◆ Task inputs ◆
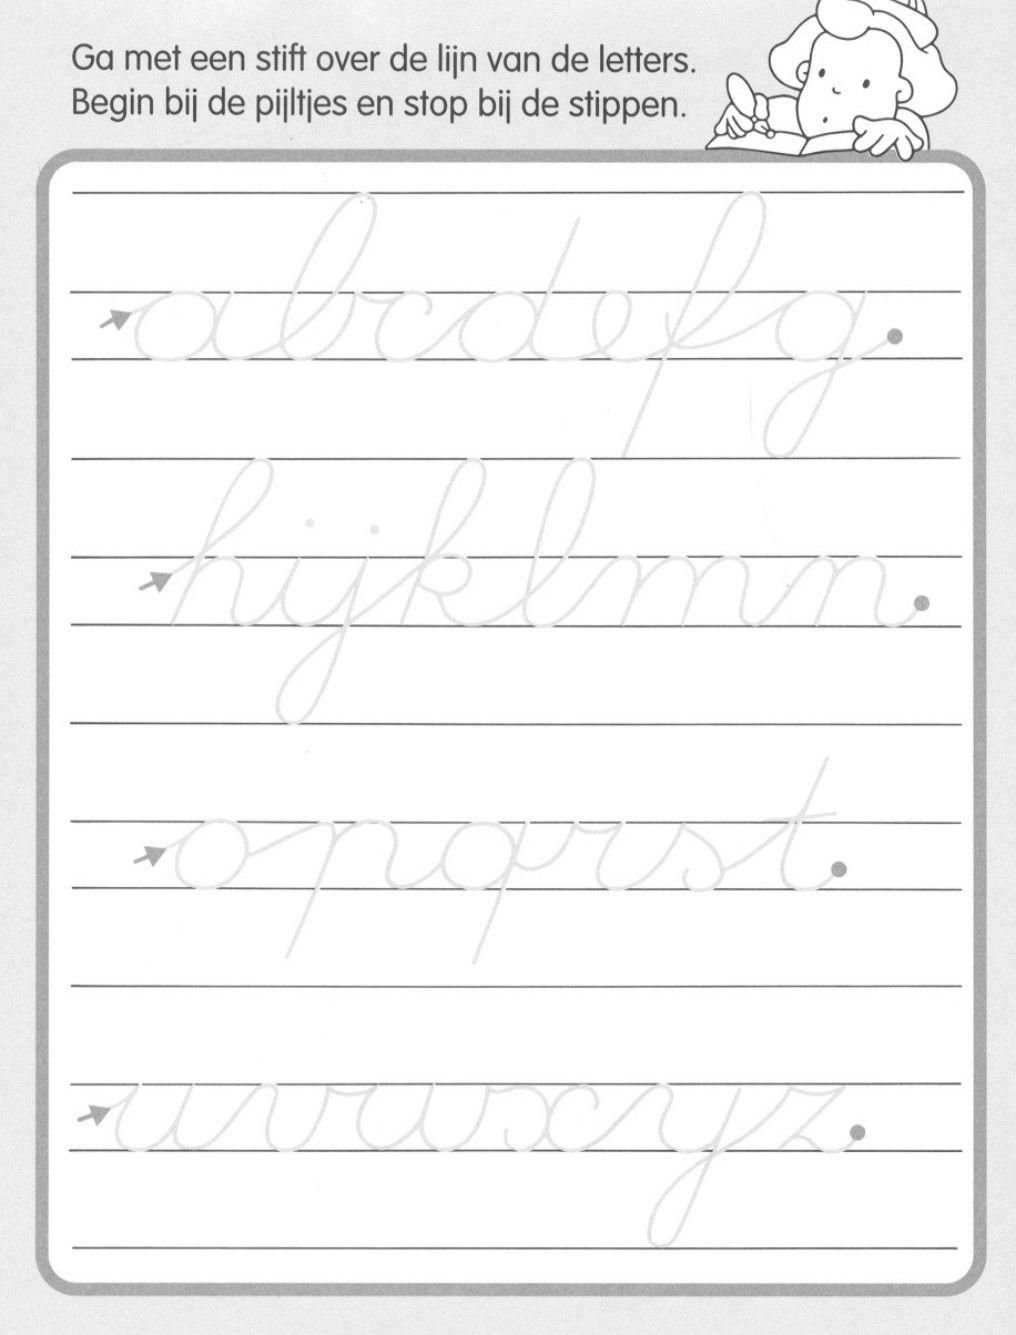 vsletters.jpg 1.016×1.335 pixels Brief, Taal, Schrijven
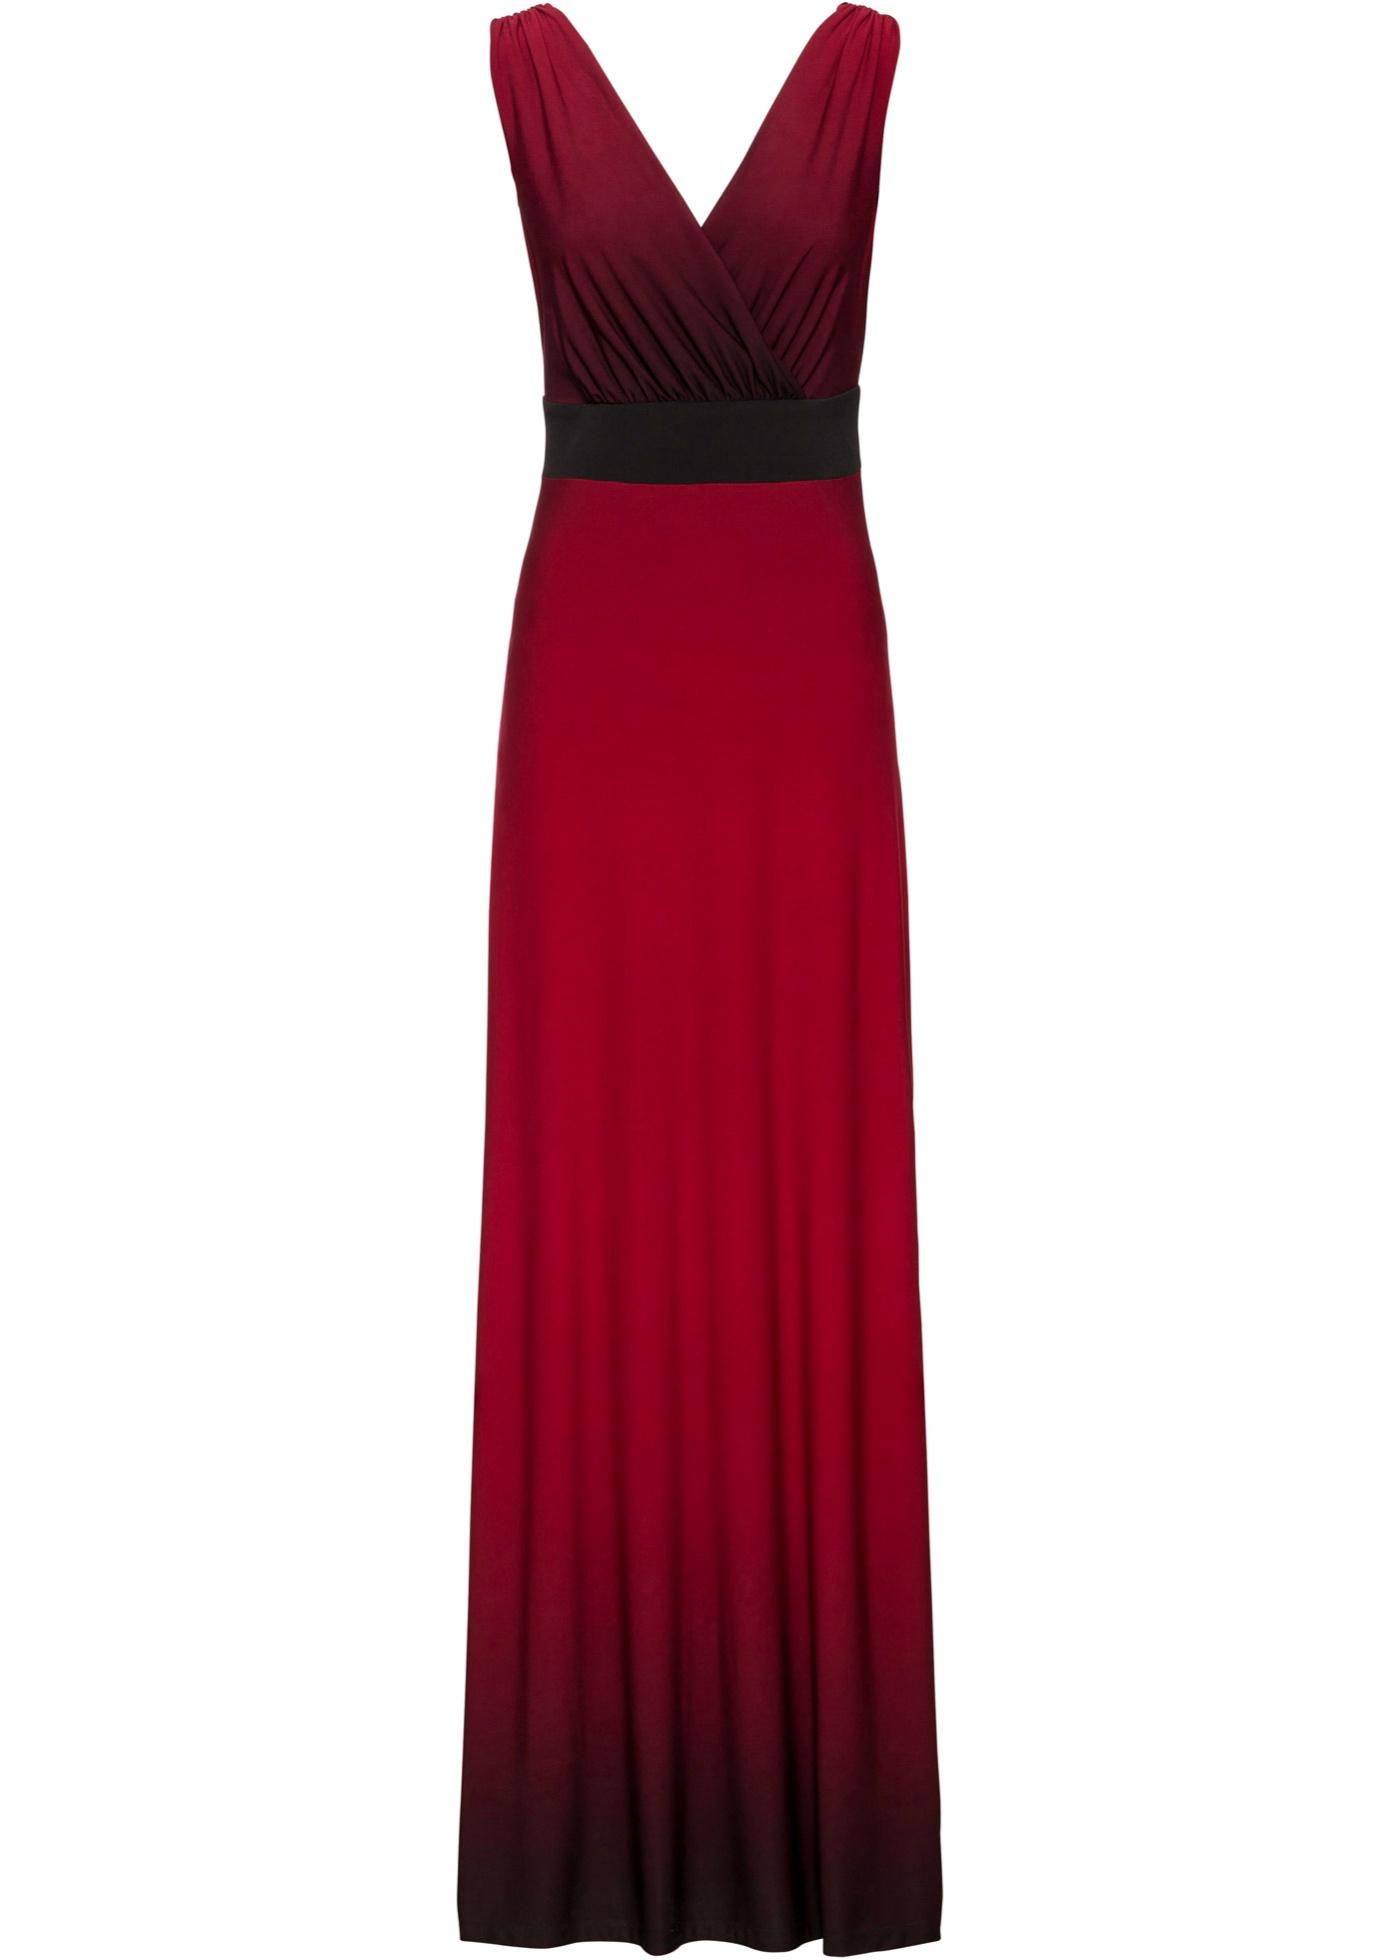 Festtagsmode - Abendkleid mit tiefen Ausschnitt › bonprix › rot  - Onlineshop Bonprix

...

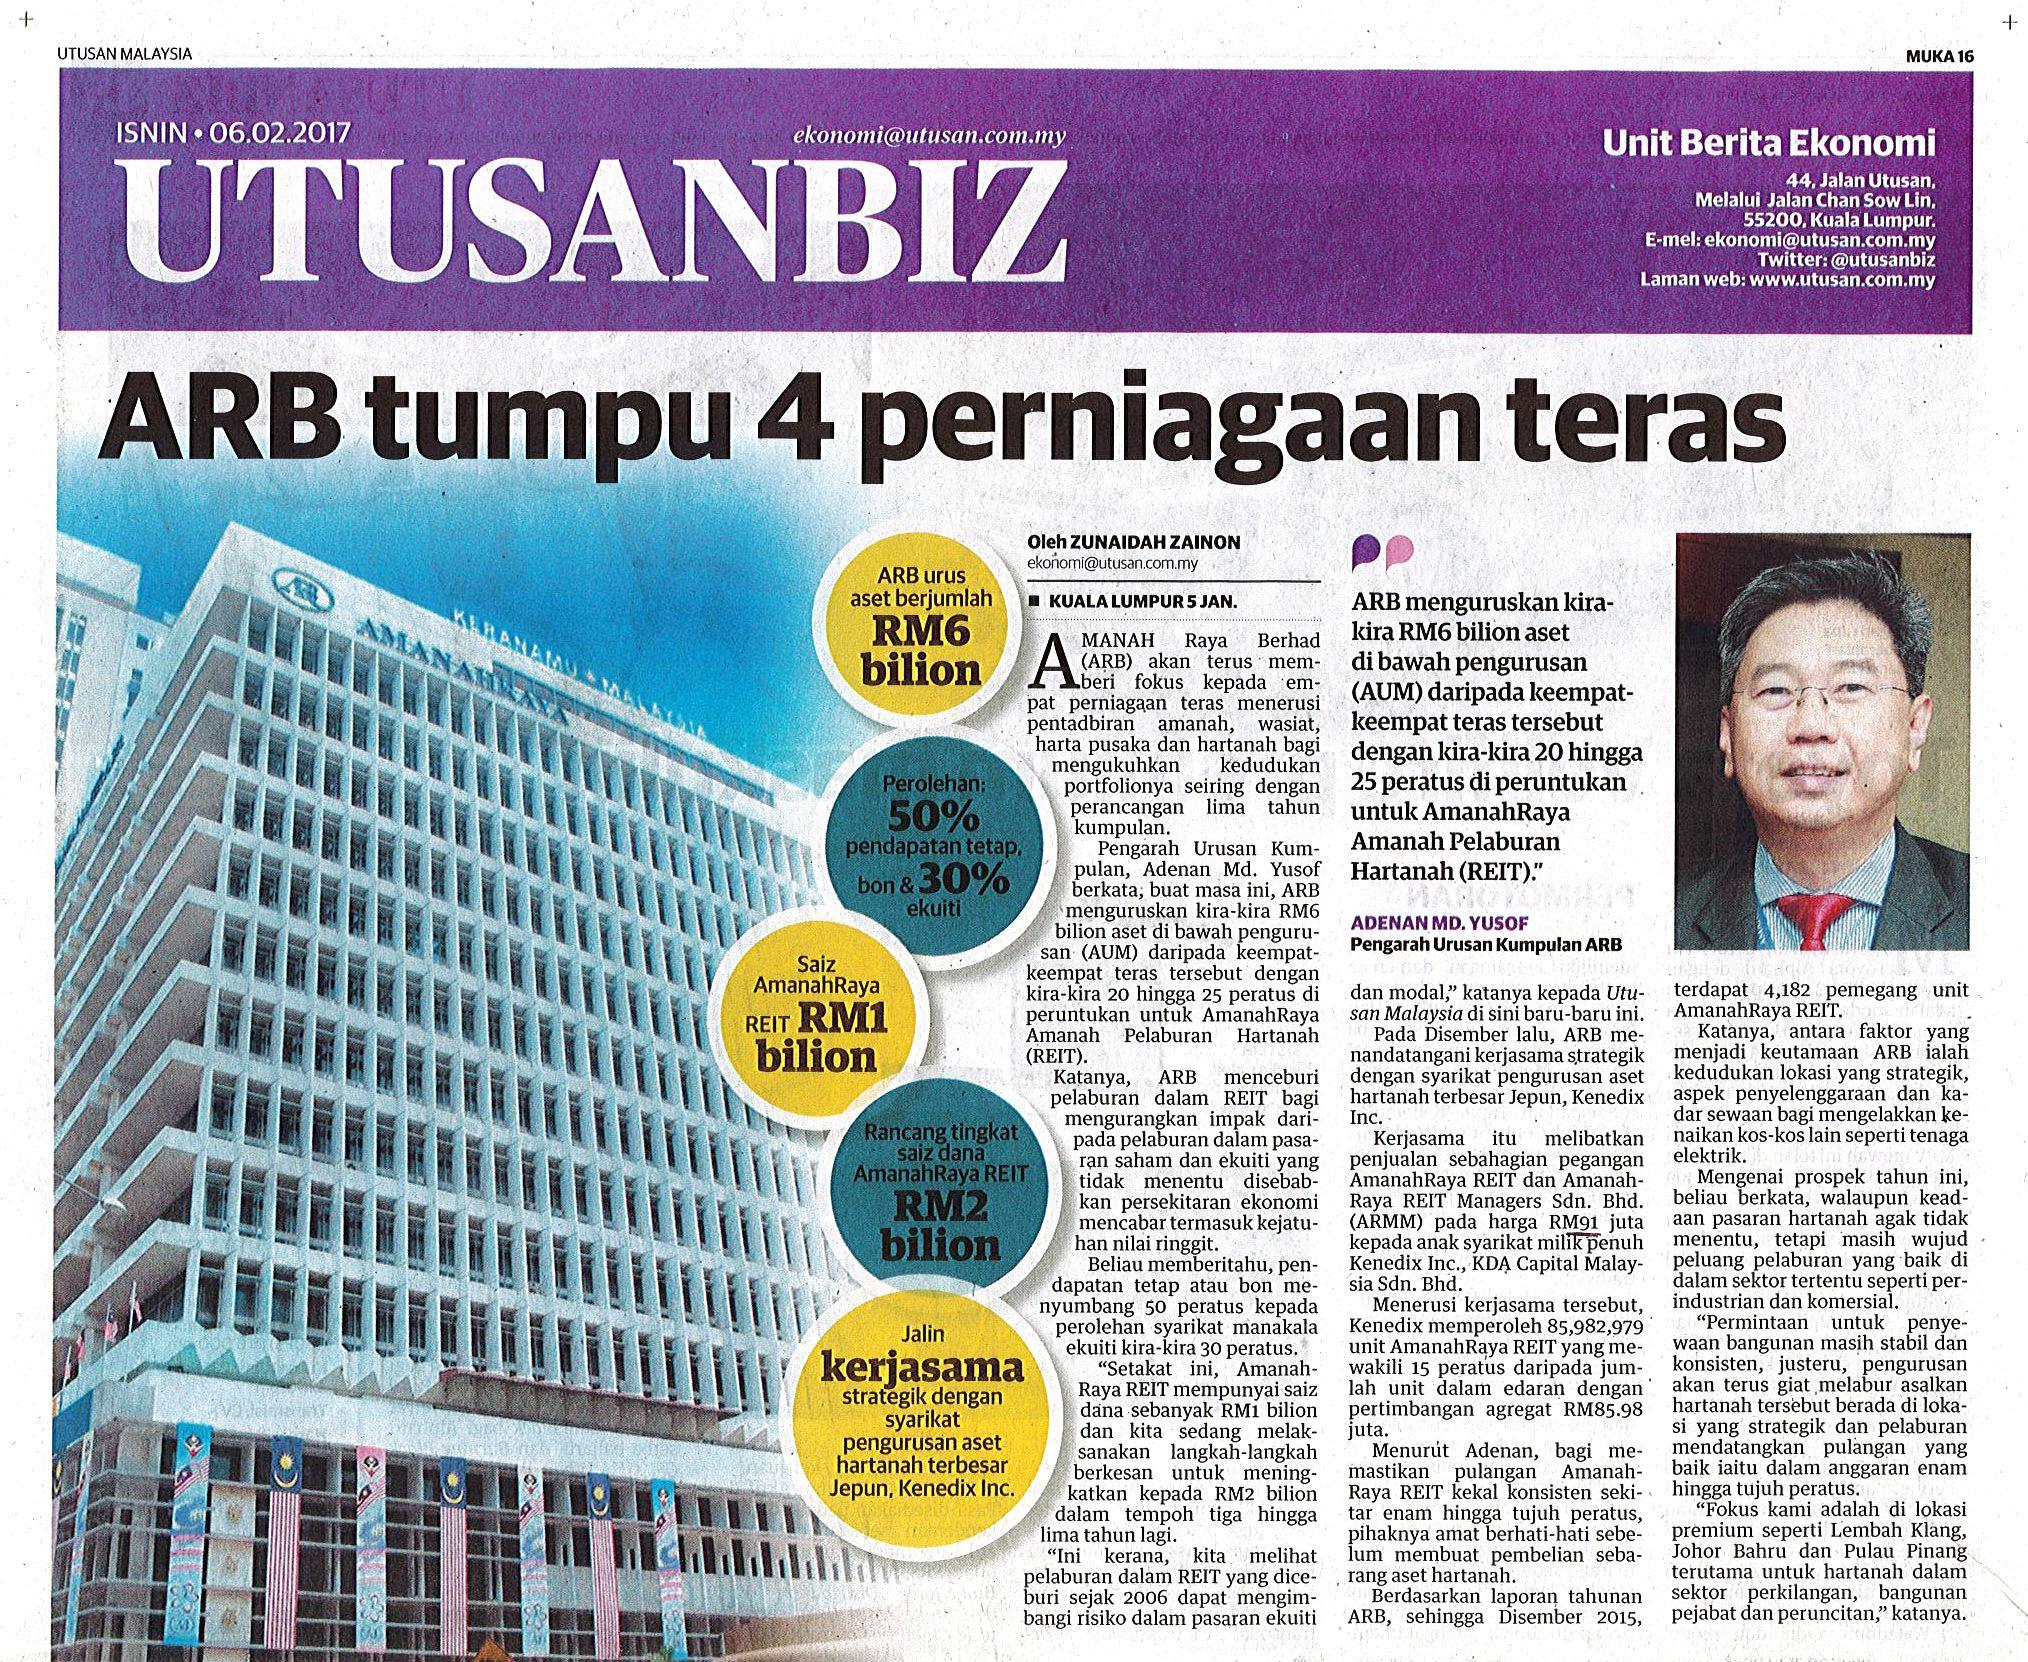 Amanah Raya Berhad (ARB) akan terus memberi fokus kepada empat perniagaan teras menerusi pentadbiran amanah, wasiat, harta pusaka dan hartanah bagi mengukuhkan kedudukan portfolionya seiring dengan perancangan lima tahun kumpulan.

* * *

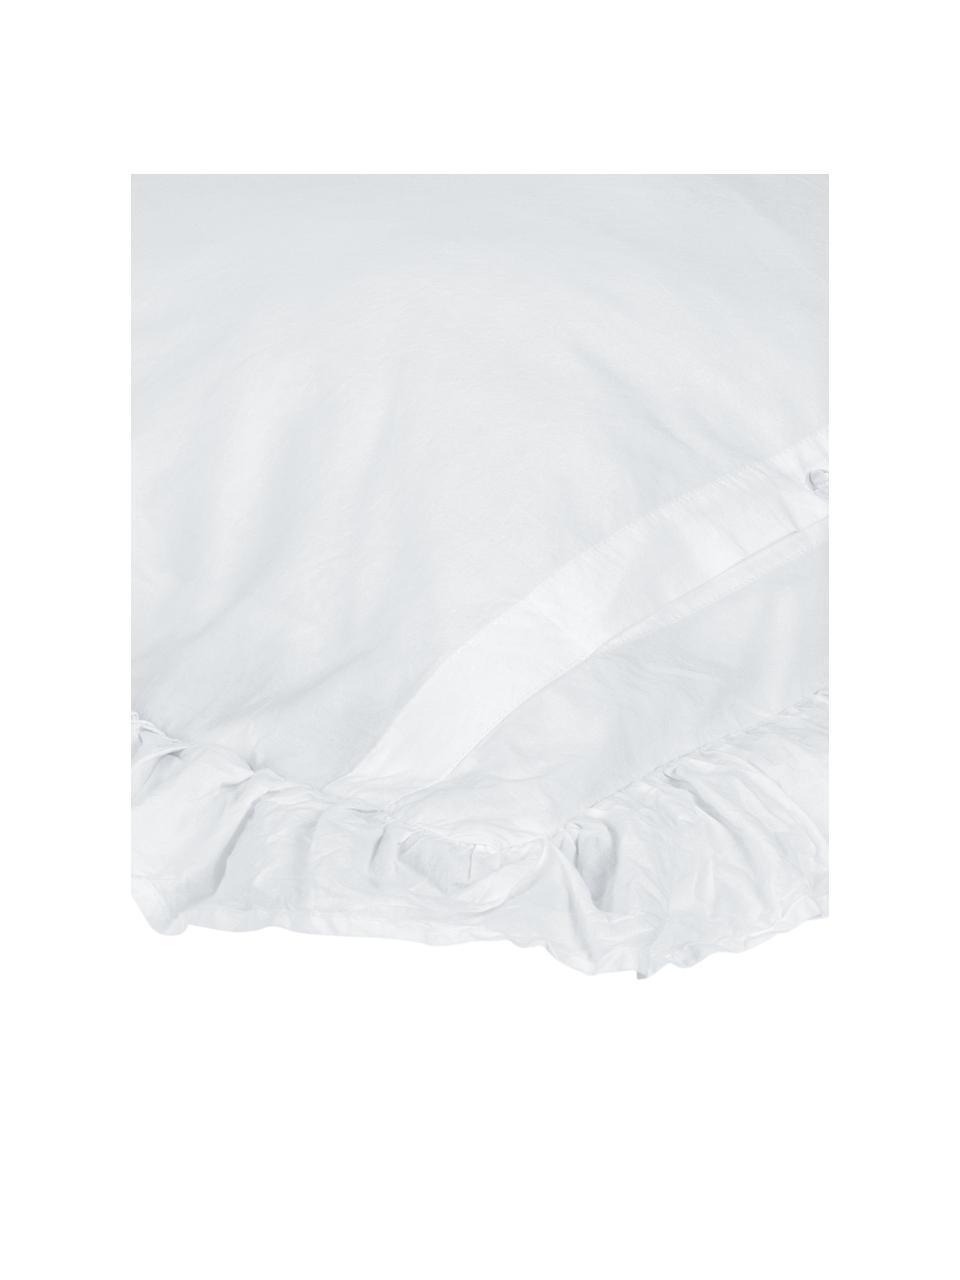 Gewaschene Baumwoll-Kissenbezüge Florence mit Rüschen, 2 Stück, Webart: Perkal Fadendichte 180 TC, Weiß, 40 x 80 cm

◆ Problem details ◆
From the records above, copy exactly the lines starting at the one with "vsletters.jpg 1.016×1.335 pixels" and ending at the one with "Festtagsmode - Abendkleid", and no others. Pictures stay out.

◆ Result ◆
 vsletters.jpg 1.016×1.335 pixels Brief, Taal, Schrijven
 Festtagsmode - Abendkleid mit tiefen Ausschnitt › bonprix › rot  - Onlineshop Bonprix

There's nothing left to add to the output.